- Occupation: Professor of Applied Developmental Psychology

Academic background
- Alma mater: University of New Mexico; Stanford University

Academic work
- Institutions: George Mason University

= Adam Winsler =

American developmental psychologist

 Adam Winsler is a developmental psychologist known for his research on early child development, private speech, and benefits of arts education. Winsler is Professor of Applied Developmental Psychology at George Mason University.

Winsler co-authored with Laura Berk the volume Scaffolding Children's Learning: Vygotsky and Early Childhood Education, which describes the theories of development created by Lev Vygotsky and how they be applied to children's learning in a school environment. He also co-edited the volume Private Speech, Executive Functioning, and The Development of Verbal Self-Regulation. Winsler was Editor in Chief of Early Childhood Research Quarterly, and serves on their editorial board.

== Biography ==

Winsler received his B.A. degree in psychology at University of New Mexico in 1988. He furthered his education and obtained his Ph.D. in Child and Adolescent Development at Stanford University Graduate School of Education in 1994. While at Stanford, Winsler worked as Program Evaluator and Evaluation Director at the Redwood City Schools in California, where he conducted research on bilingual language development, and documented the benefits of bilingual preschool programs for Spanish-speaking children growing up in low income families.
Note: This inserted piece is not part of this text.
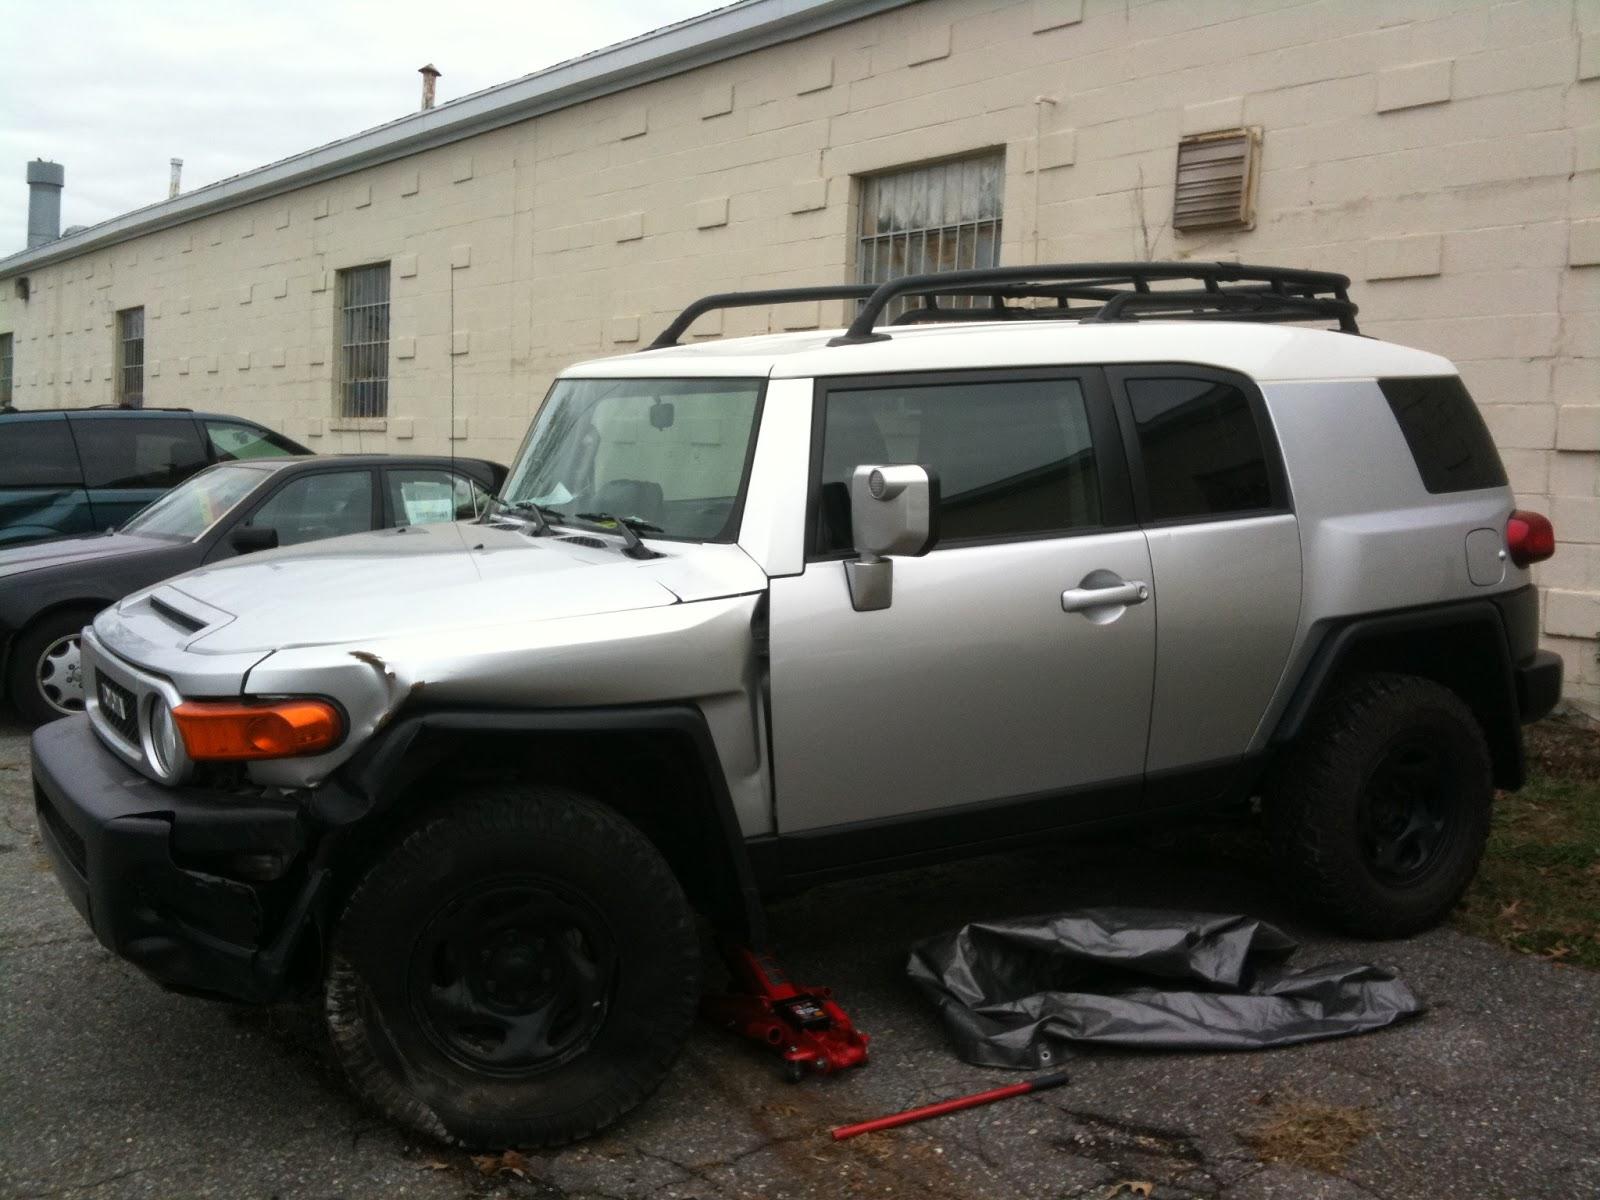 Fj Cruiser Mods : Toyota fj cruiser modifications mods information

Winsler started his academic career at the University of Alabama, Tuscaloosa in 1994 as an assistant professor before moving to George Mason University in 1997. His research has been funded by the Institute of Education Sciences of the U.S. Department of Education and by foundations including The Children's Trust and the Early Learning Coalition of Miami-Dade/Monroe.

== Research ==
As a graduate student, Winsler began a collaborative program of research with Rafael M. Diaz on young children's use of private speech, which led to a series of studies on self-regulation in children with attention and behavioral problems. Winsler's research examined private speech in relation to aspects of executive functioning in children with disabilities such as autism spectrum disorder, and ADHD. Following Vygotsky, Winsler considers the use of private speech to be an important turning point in a child's development, as it supports the child in verbalizing their thoughts, regulating their attention, and helping them produce decisions on their own. According to Winsler, private speech is beneficial in lowering impulsivity in small children, while increasing performance as they learn to recollect and express their train of thought.

Winsler is also known for his research on early childhood education, where he has focused on evaluating the cognitive, language, and social-emotional outcomes and school readiness of children from diverse backgrounds, many who come from low-income families, attending variously structured child-care and preschool programs. Winsler and his colleagues' research indicates the importance of the arts in early childhood development. When young children are involved in electives such as dance, drama, and music, they become more socially competent, show better self-regulation, and their academic performance improves.

In work with Martha Carlton, Winsler critiqued the concept of school readiness, which they view as a biased concept based on the perspective of the school system and its qualifications for children's school entry. Winsler has focused on bilingual, immigrant children who are often misunderstood because of their inability to speak English, yet are just as capable as their peers; such children may fall behind due to bias toward languages other than English in the school system. Although immigrant children may lag behind their peers in preschool cognitive and language skills, they show advantages relative to non-immigrant children in socio-emotional skills and behavior.

== Representative Publications ==

- Carlton, M. P., & Winsler, A. (1999). School readiness: The need for a paradigm shift. School Psychology Review, 28, 338–352.
- Lobo, Y. B., & Winsler, A. (2006). The effects of a creative dance and movement program on the social competence of head start preschoolers. Social Development, 15(3), 501–519.
- Morrissey, T. W., Hutchison, L., & Winsler, A. (2014). Family income, school attendance, and academic achievement in elementary school. Developmental Psychology, 50(3), 741–753.
- Winsler, A., Diaz, R. M., & Montero, I. (1997). The role of private speech in the transition from collaborative to independent task performance in young children. Early Childhood Research Quarterly, 12(1), 59–79.
- Winsler, A., Madigan, A. L., & Aquilino, S. A. (2005). Correspondence between maternal and paternal parenting styles in early childhood. Early childhood research quarterly, 20(1), 1–12.
- Winsler, A., & Naglieri, J. (2003). Overt and covert verbal problem-solving strategies: Developmental trends in use, awareness, and relations with task performance in children aged 5 to 17. Child Development, 74(3), 659–678.
- Winsler, A., Tran, H., Hartman, S. C., Madigan, A. L., Manfra, L., & Bleiker, C. (2008). School readiness gains made by ethnically diverse children in poverty attending center-based childcare and public school pre-kindergarten programs. Early Childhood Research Quarterly, 23(3), 314–329.